Secondary objectives Substudy 1
To validate the variables retrospectively identified to be predictors of SCD or sustained VT in a prospective cohort of consecutively enrolled patients with NICM and no previous arrhythmia evidence.
Substudy 2 To retrospectively evaluate the evolution of scar characteristics over time and their prognostic implication in the subset of patients fulfilling eligibility criteria of the main project with at least 2 LGE-CMRs available as part of their clinical follow-up.

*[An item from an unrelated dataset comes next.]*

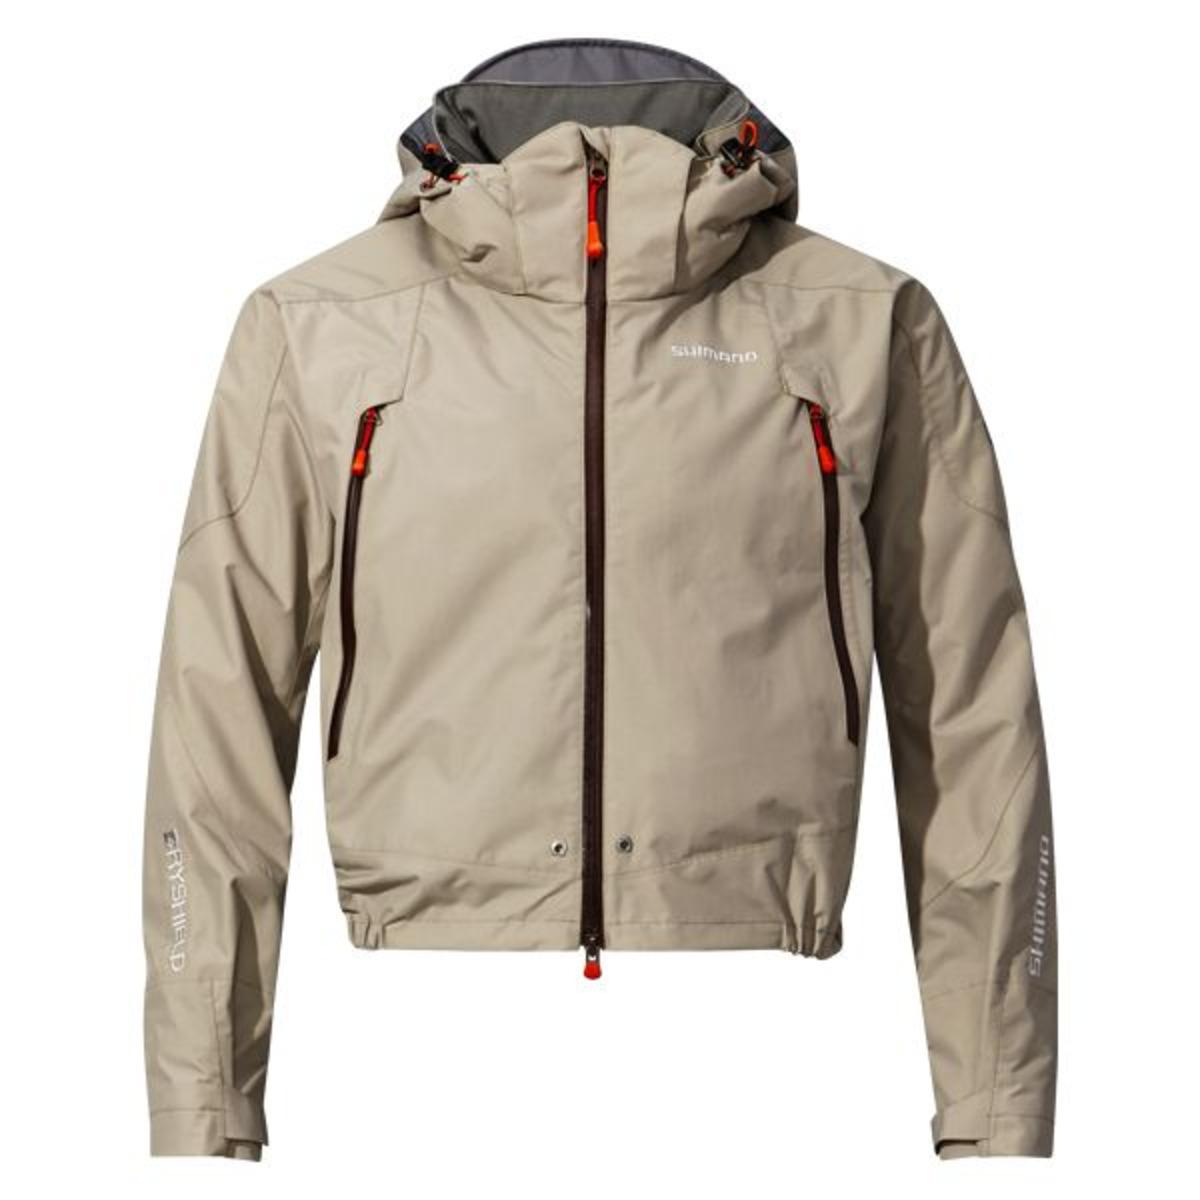 Shimano Jacke Dryshield Advance Short Rain - XL - Beige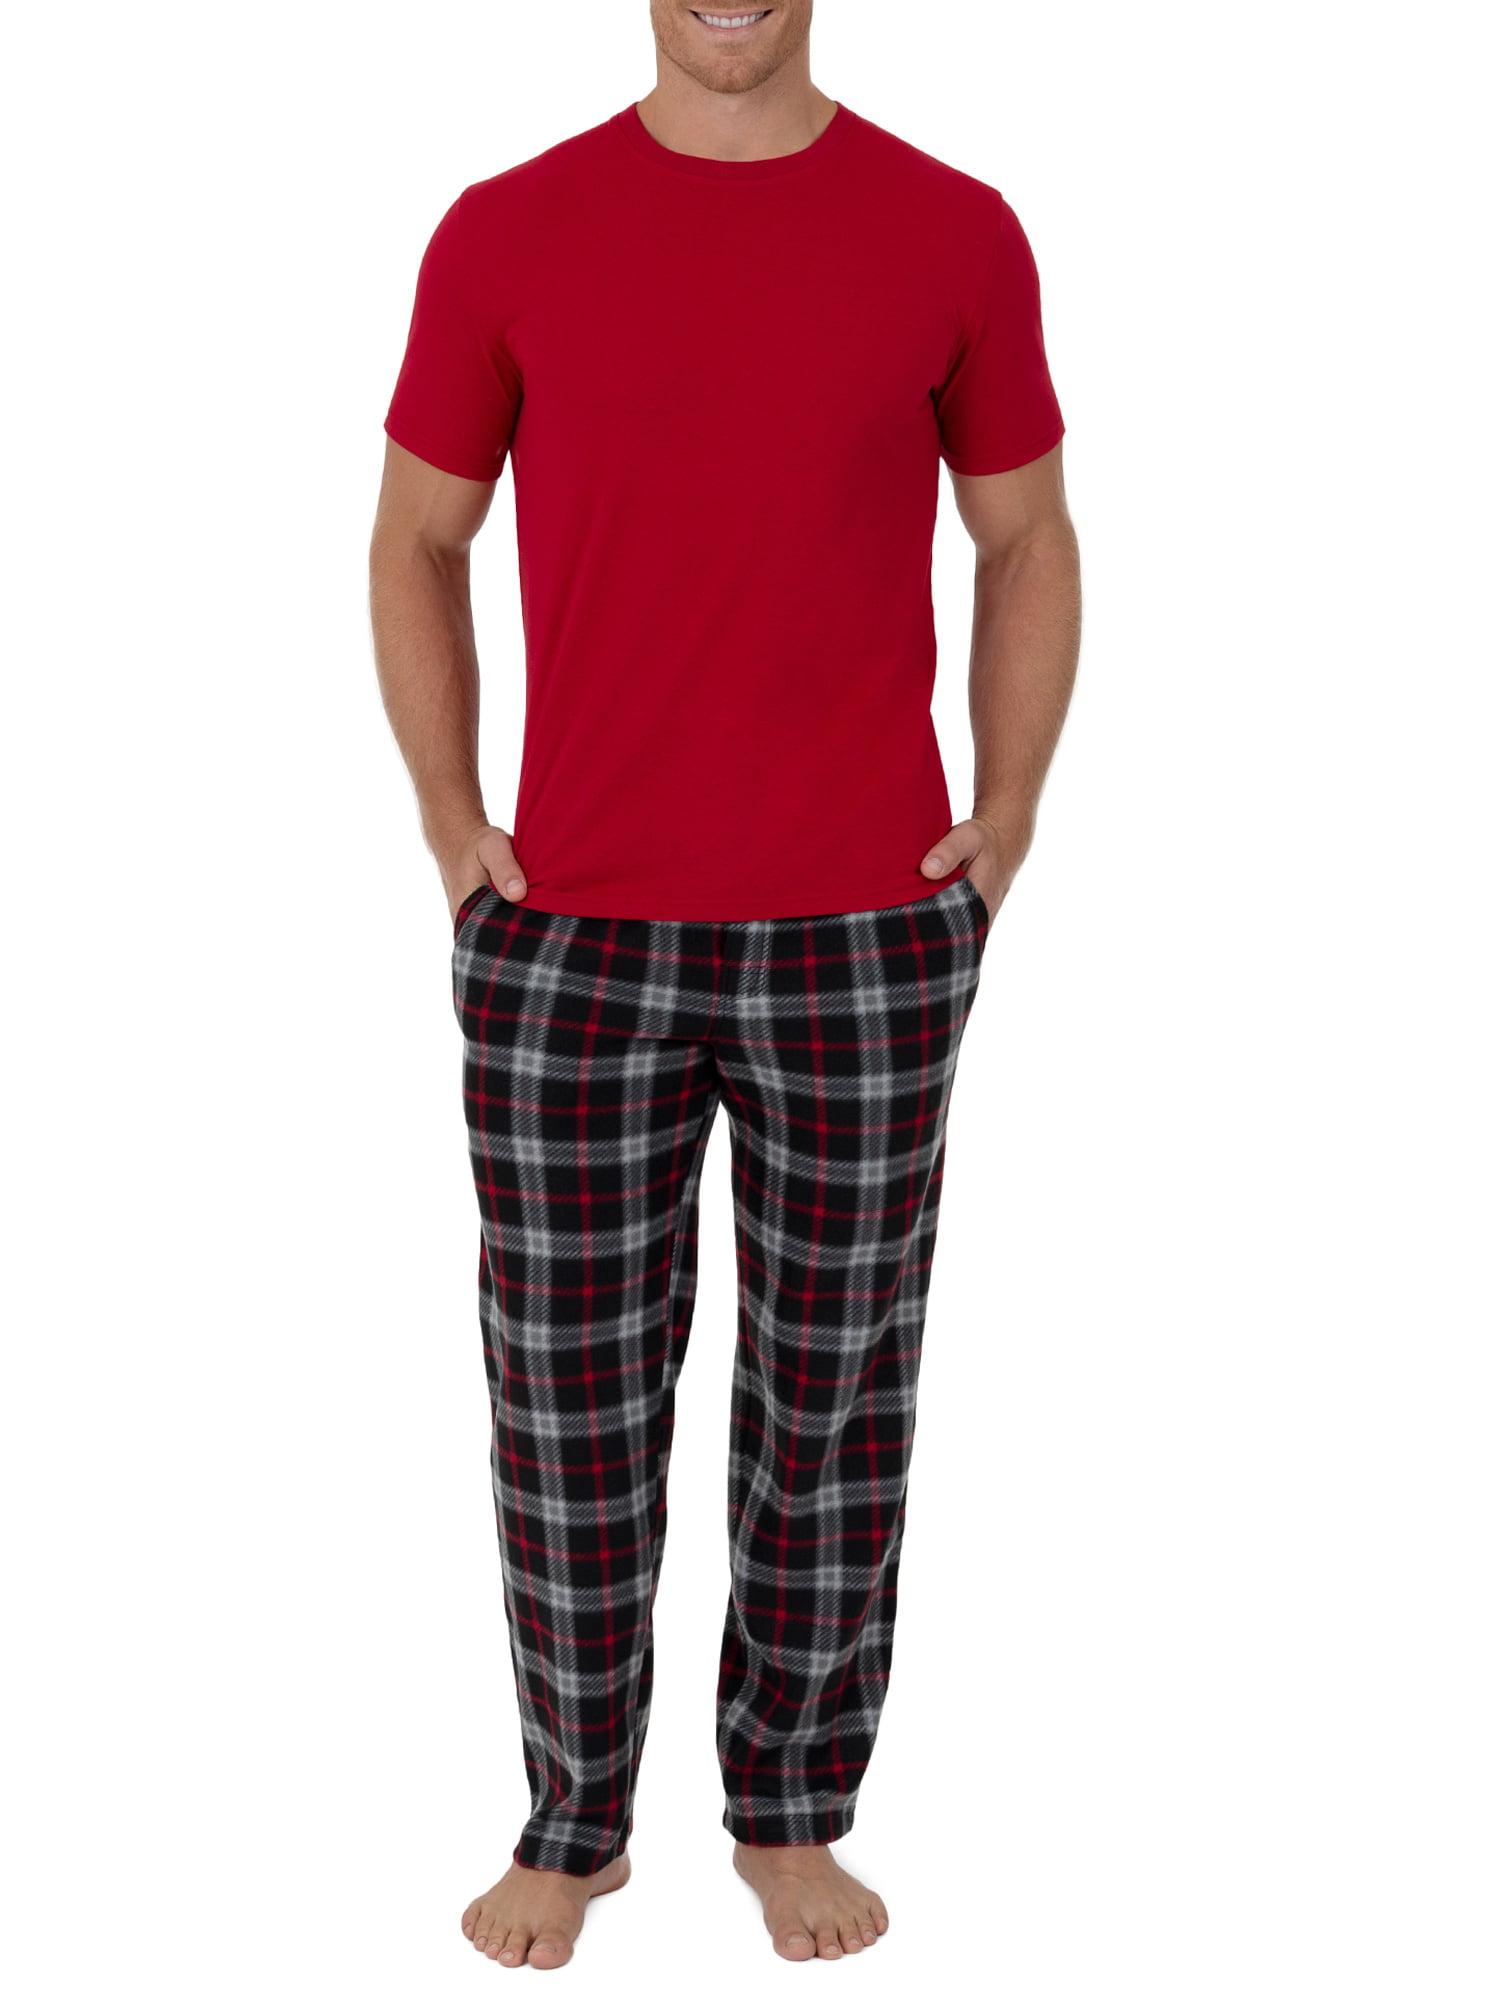 Fruit of the Loom Men/'s Fleece Sleep Pant and Knit Top Sleep Set Red or Blue

Main study, substudy 1 and 2
To analyze the relationship between the primary outcome and other variables:
- LVEF
- Scar mass
- BZC mass
- Core mass
- Scar location
- Scar pattern
- Age
- Genotype (when this data is available)
Eligibility
Inclusion Criteria:
- Diagnosis of non-ischemic heart disease involving the left ventricle, irrespectively
of LVEF. This diagnosis includes:
- Dilated cardiomyopathy (DCM)
- Non-dilated left ventricular cardiomyopathy (NDLVC)
- Post-myocarditis cardiomyopathy
- Life expectancy of > 1 year with a good functional status.
- Signed informed consent.
- At least one late gadolinium enhancement-cardiac magnetic resonance (LGE-CMR) already performed.
- No VA events at the time of the 1st LGE-CMR study.
Exclusion Criteria:
- Pregnancy.
- Life expectancy of < 1 year, or bad functional status (NYHA IV functional class).
- Other concomitant structural heart diseases (e.g. ischemic, congenital, arrhythmogenic right ventricular cardiomyopathy etc.)
- No LGE-CMR at time of enrollment or LGE-CMR data not available.
- Previously documented sustained ventricular arrhythmias at the time of 1st LGE-CMR.
- Concomitant investigation treatments.
- Medical, geographical and social factors that make study participation impractical, and inability to give written informed consent. Patient's refusal to participate in the study.